We komen nu ook meer collega vakantiefietsers tegen. Ik moet zeggen, een eigenaardig slag mensen. Op onze huidige camping in Wiltz staan we met drie stellen en hun tentjes naast elkaar. Allen fietsers. De man van het derde tentje (van onze tent af gerekend) bijvoorbeeld, sprak vanmorgen met een volume van ongeveer 60 decibel tegen zijn vrouw. Nu komt het! Nadat hij, gewapend met een rol toiletpapier, de wc had bezocht, sprak hij teruggekomen met liefst 85 decibel tegen zijn vrouw. Een stijging van maarliefst 25 decibel! Het was Nicole ook opgevallen. Verder waren hun fietstassen en shirts knalgeel. Ook al zo schreeuwerig.

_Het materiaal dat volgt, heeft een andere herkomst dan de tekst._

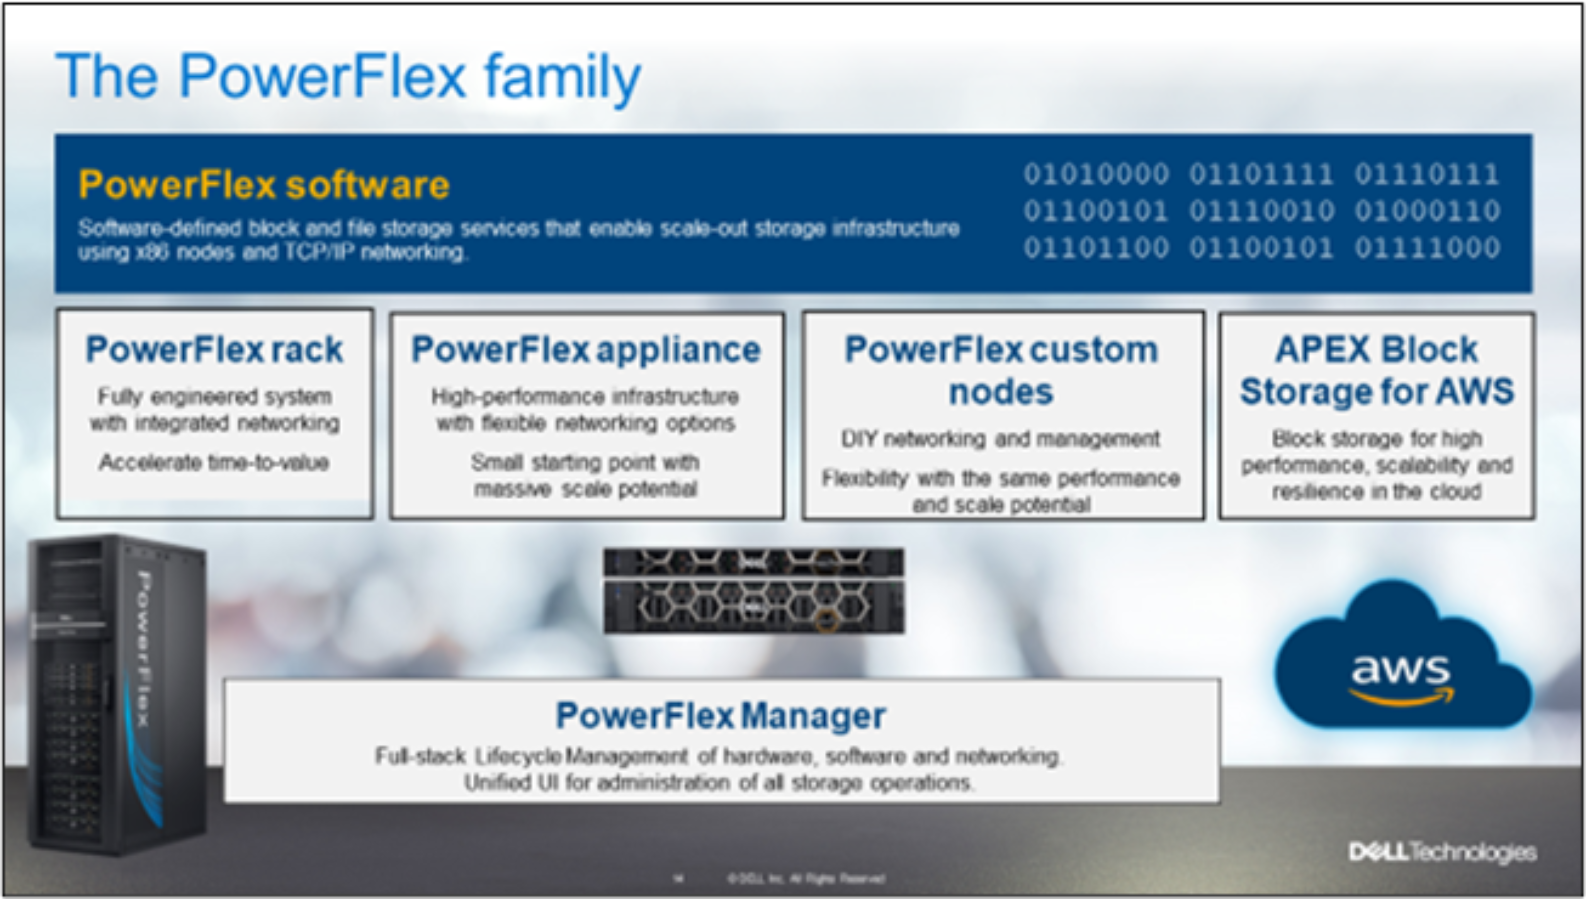 A figure showing the PowerFlex product family.

Links van ons schreeuwt een klein meisje al geruime tijd om haar vader. Ik heb het vermoeden dat vader er niet is. Wel hoop ik vurig dat hij louter om een boodschapje is.
In tent 2 zit een stel waarvan de vrouw zich manifesteert als een heuse kilometerfetisjist. “Hoeveel km hebben jullie gefietst?”, vraagt ze zodra we op ons campingplaatsje aankomen. “Bijna 400 km, zegt Nicole, we doen de Groene Weg!” Dan was het volgens madam onmogelijk dat we 400 km hadden gefietst. Haar man oppert dat we wellicht niet in Maastricht gestart waren. Wij beamen dit en Madam neemt schoorvoetend genoegen met deze lezing. Even later (manlief toont zijn fetisj voor kwaliteitfietsen en campingaccessoires) begint manlief over onze fietsen. Nicole, zo had hij direct gezien, reedt ook op een Santos. Net als zijzelf. Echter reden zij op een Santos met rohloff naaf en riem. Net iets beter dan de fiets van Nicole. Ik zeg: “Dat klopt! Haar ketting is al op dag 3 gebroken!”. Nou, hij reed al 10-20 duizend km op een riem die ingescheurd was. Zelfs dán nog niet nodig om te vervangen! Uiteraard hadden ze een reserve riem bij zich mocht het onwaarschijnlijke toch gebeuren.
Madam corrigeert inmiddels de bewering van haar man. Het gaat volgens haar al zeker om 30 duizend kilometer! Manlief stemt berustend in met de 30 duizend kilometer.
Manlief ratelt nog wat door over mijn fiets (onnodig duur) en nodigt ons uit om eens naar hun uitrusting te komen kijken (hun tent was het neusje van de zalm). Daar konden we als aspirant vakantiefietsers ons voordeel mee doen mochten we volgend jaar weer gaan fietsen. Op de achtergrond is Madam aan het uitzoeken hoe het komt dat ze volgens planning 64 km zouden afleggen naar de camping maar in werkelijkheid 54 km op de teller hadden staan.
Ik heb vannacht (ik had hoge nood en de toiletten waren nét iets te ver) tegen een tent staan pissen waarvan ik, uit betrouwbare bron, heb vernomen dat het werkelijk hét neusje van de zalm moet zijn.